PROVIDED DATA
---*---

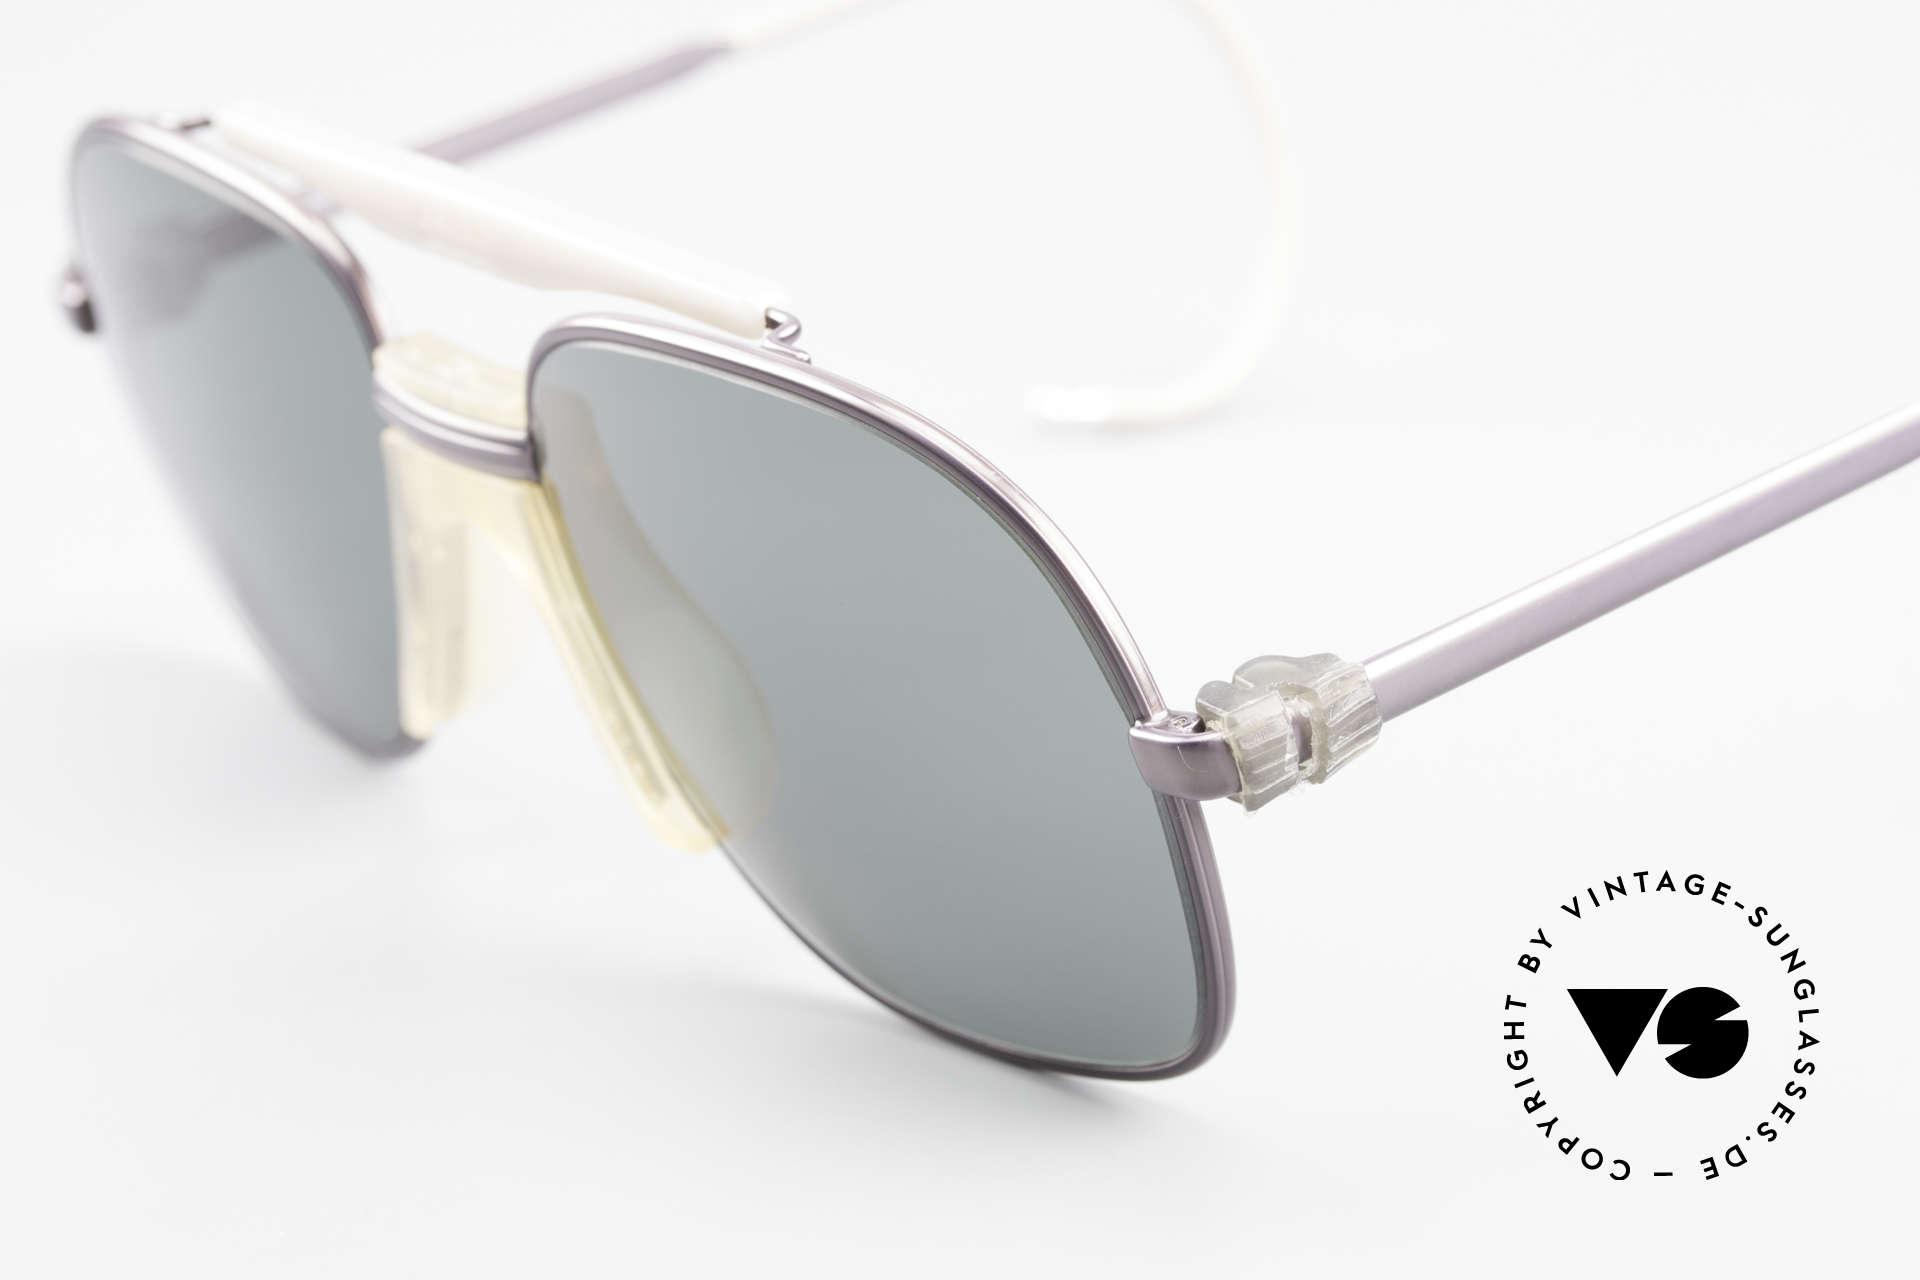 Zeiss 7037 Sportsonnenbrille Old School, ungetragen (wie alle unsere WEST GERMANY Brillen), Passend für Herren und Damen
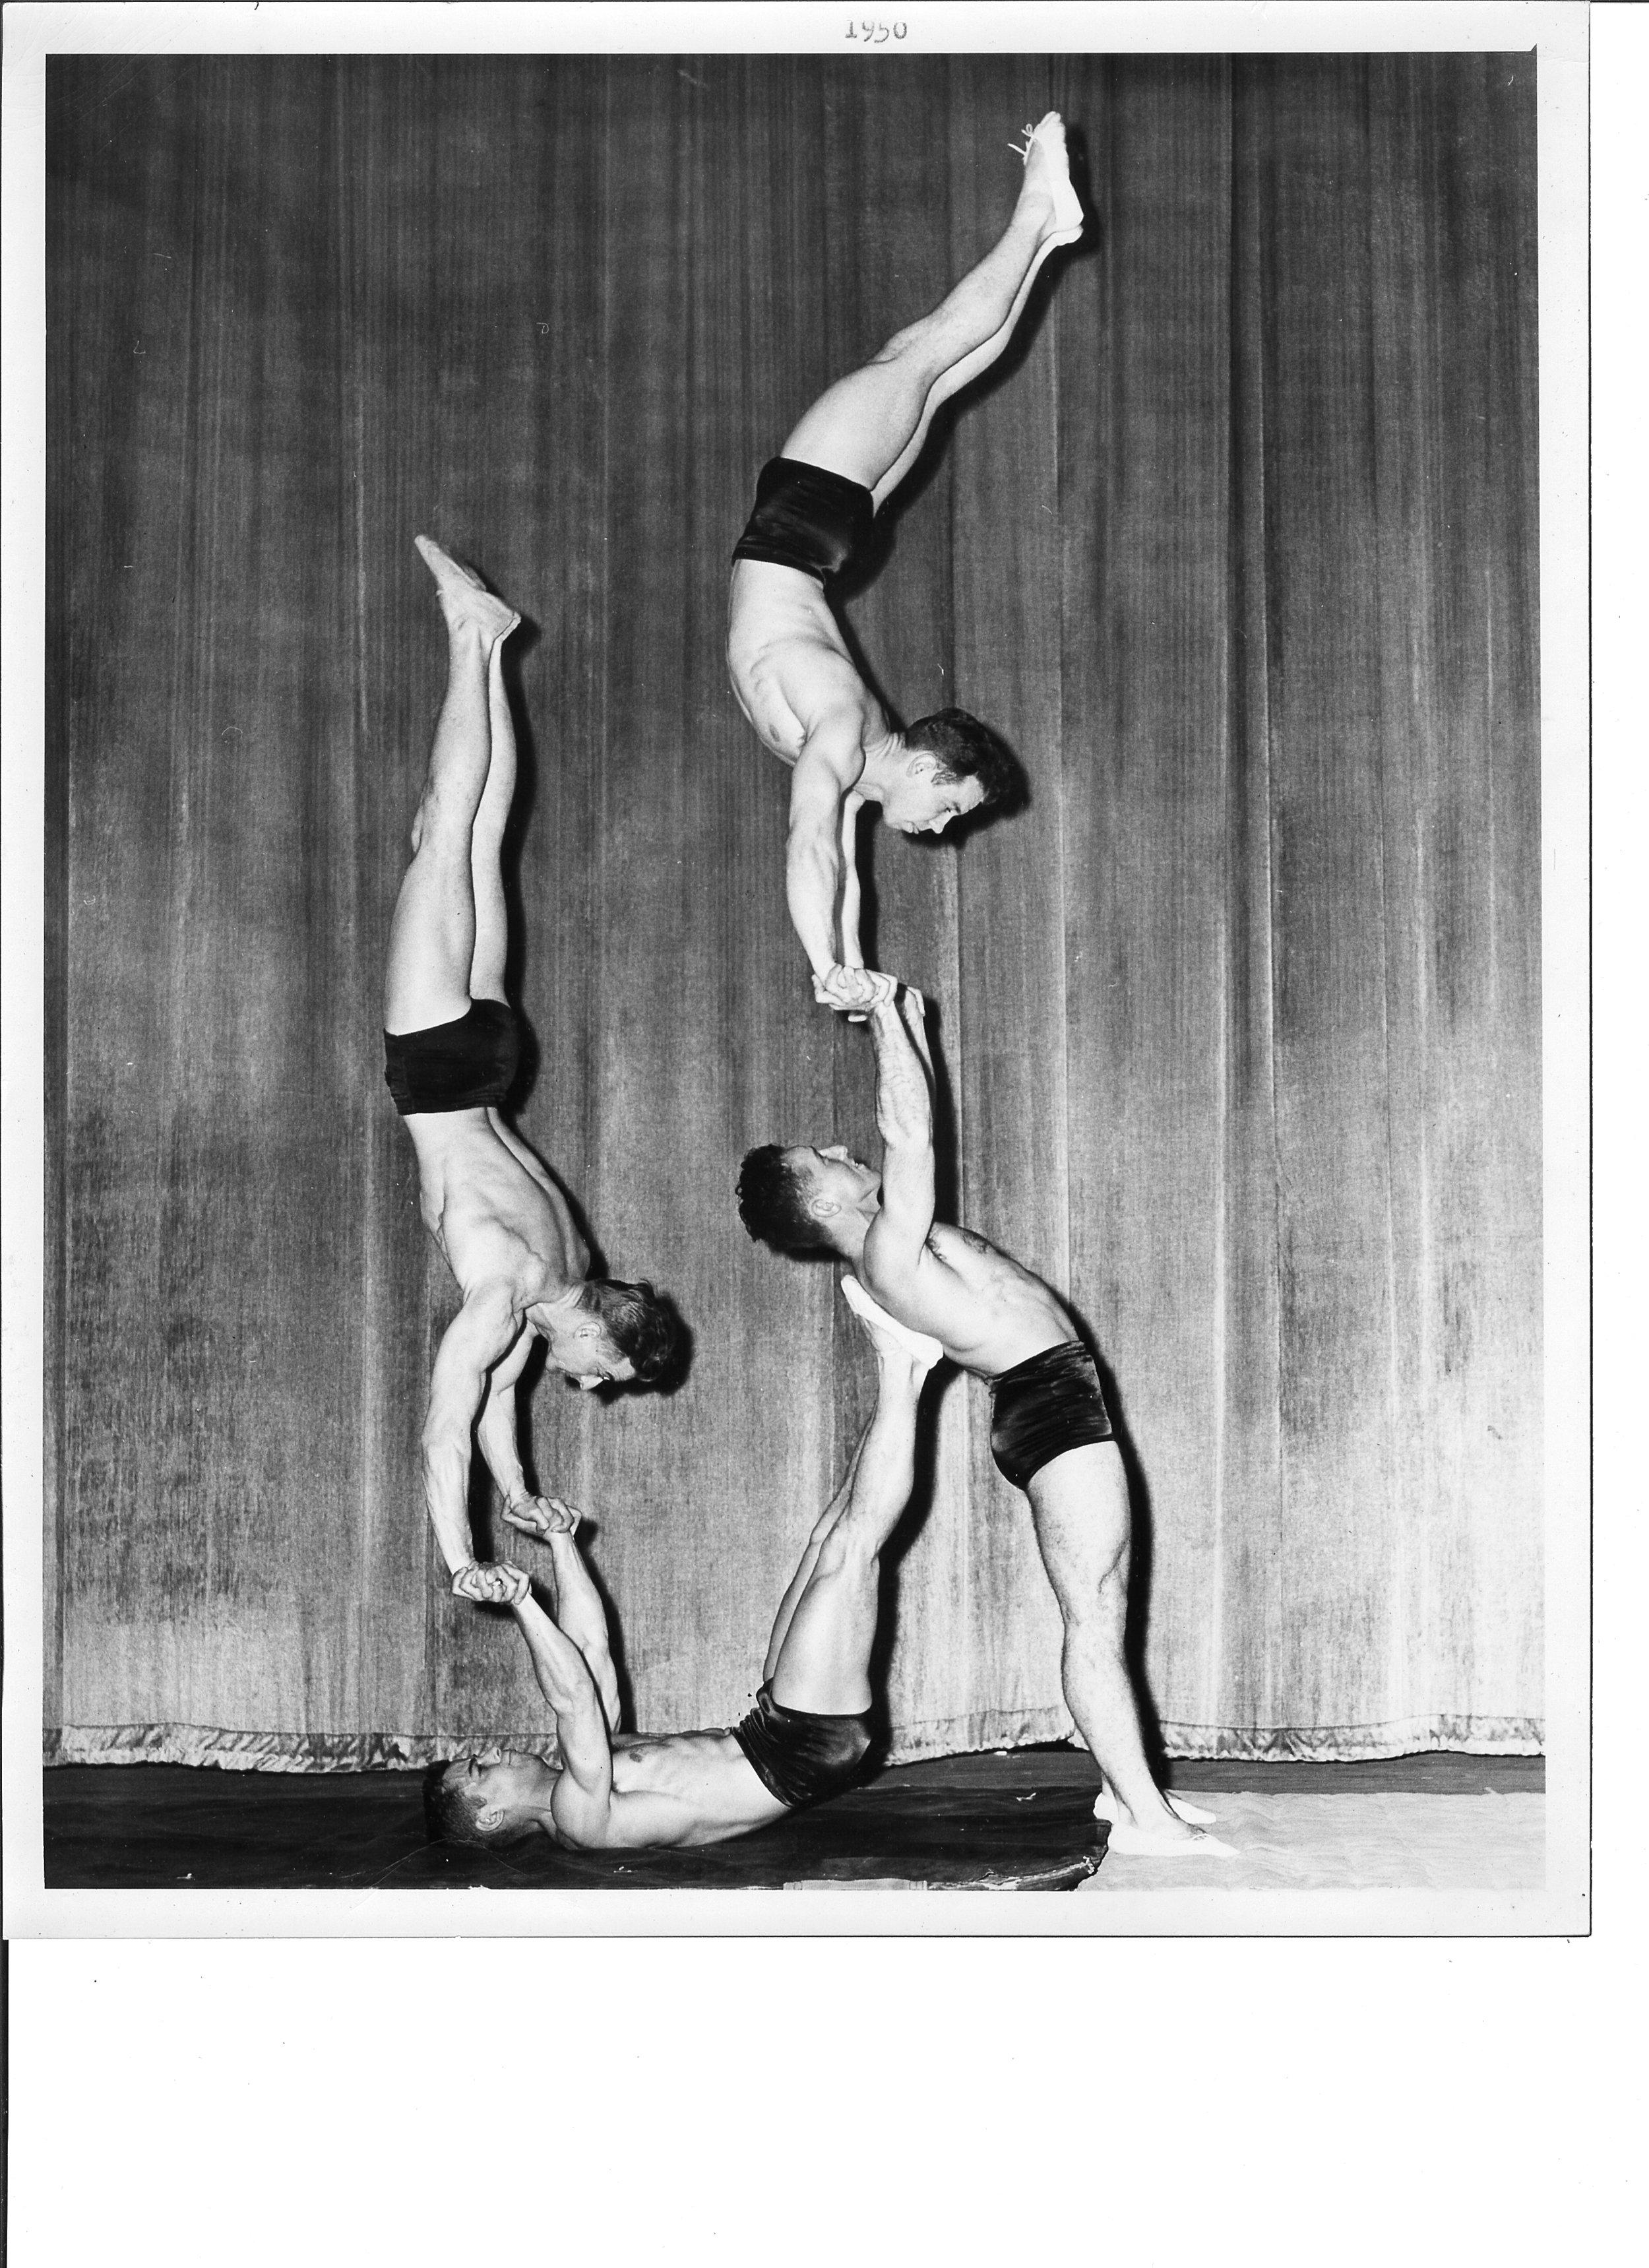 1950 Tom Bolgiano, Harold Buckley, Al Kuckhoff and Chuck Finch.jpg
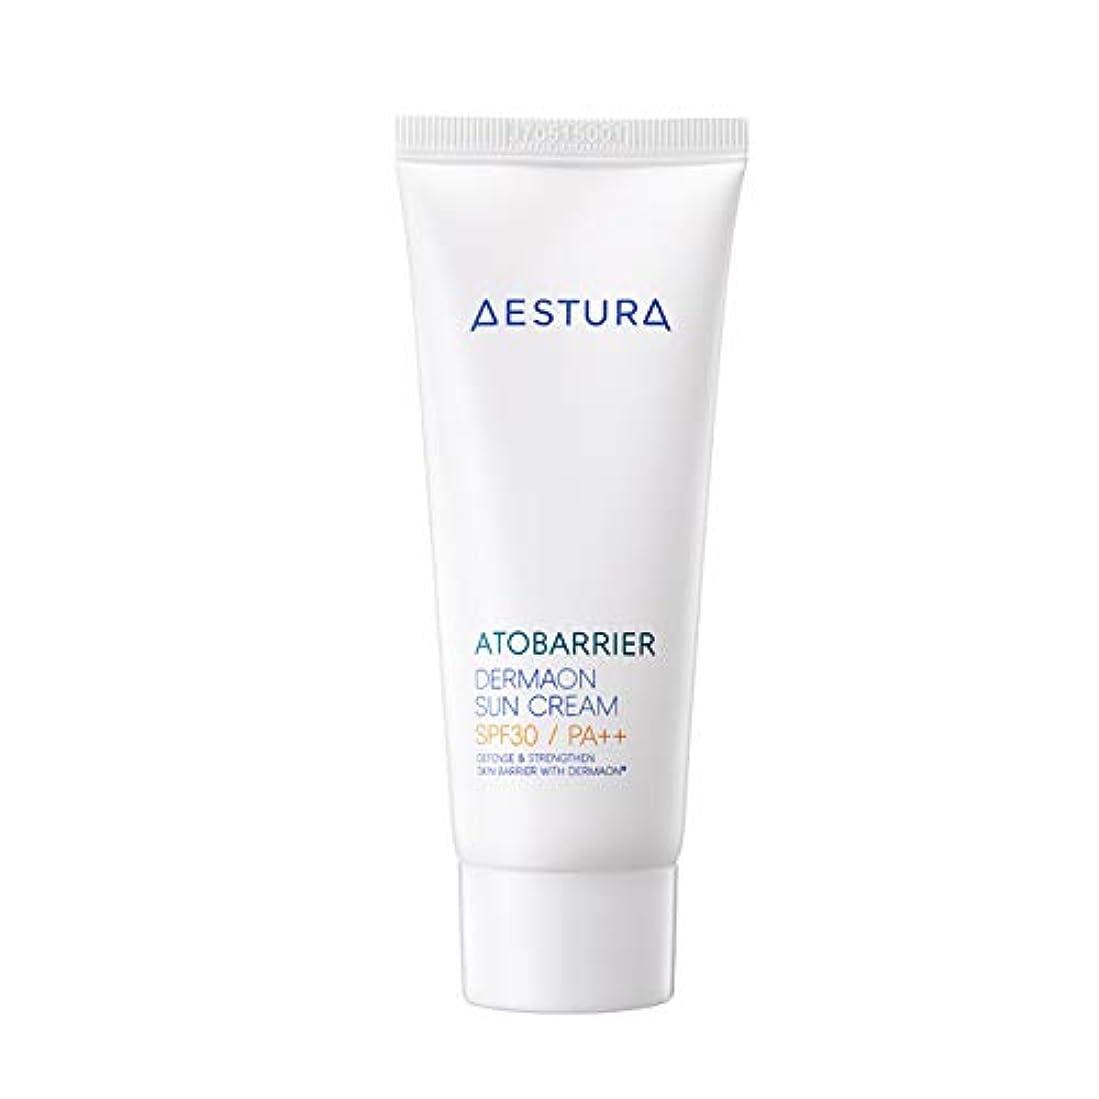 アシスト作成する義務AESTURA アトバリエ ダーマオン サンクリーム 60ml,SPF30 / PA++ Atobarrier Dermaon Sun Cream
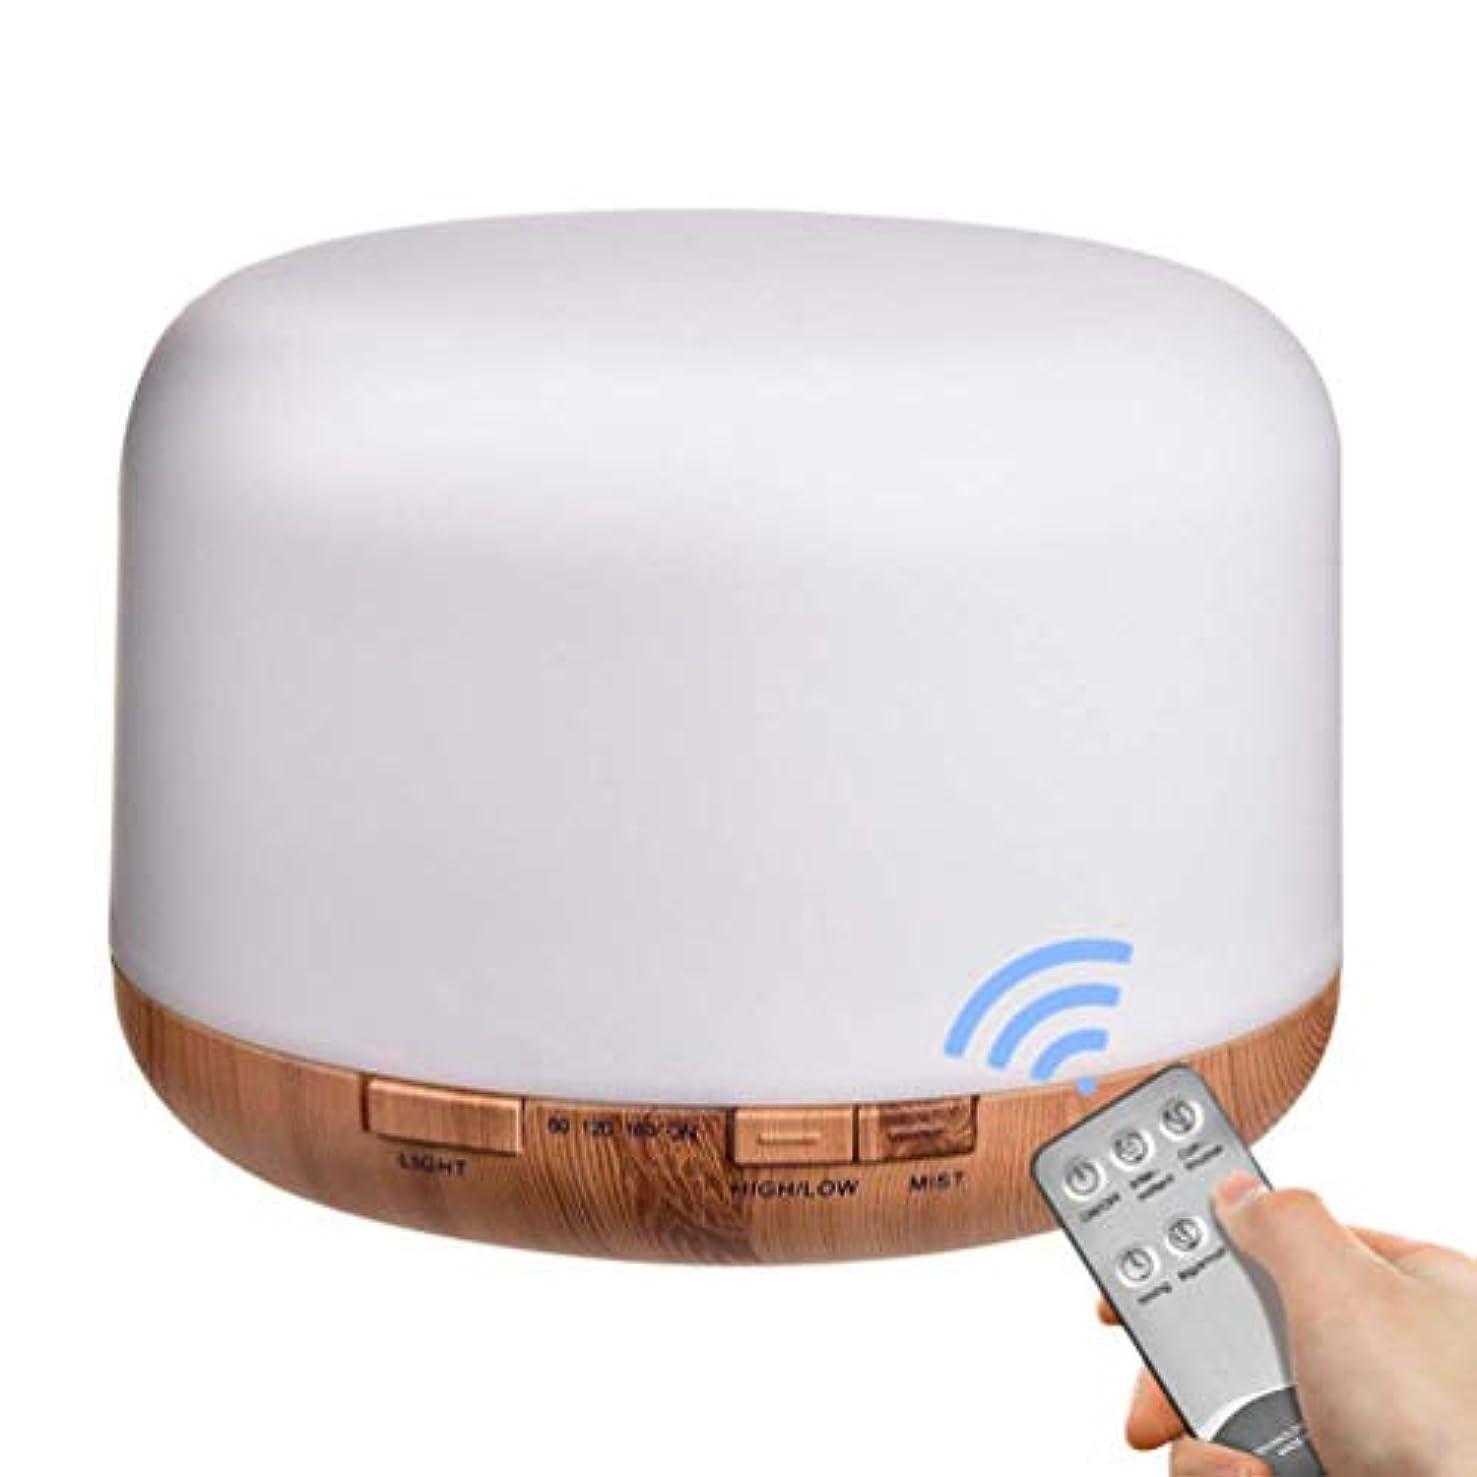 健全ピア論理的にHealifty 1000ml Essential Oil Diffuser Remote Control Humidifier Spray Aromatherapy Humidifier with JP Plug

---*---

Copy all the material above exactly, but skip each image.

RESULT OF THIS EXERCISE
 Zeiss 7037 Sportsonnenbrille Old School, ungetragen (wie alle unsere WEST GERMANY Brillen), Passend für Herren und Damen
 1950 Tom Bolgiano, Harold Buckley, Al Kuckhoff and Chuck Finch.jpg
 アシスト作成する義務AESTURA アトバリエ ダーマオン サンクリーム 60ml,SPF30 / PA++ Atobarrier Dermaon Sun Cream
 健全ピア論理的にHealifty 1000ml Essential Oil Diffuser Remote Control Humidifier Spray Aromatherapy Humidifier with JP Plug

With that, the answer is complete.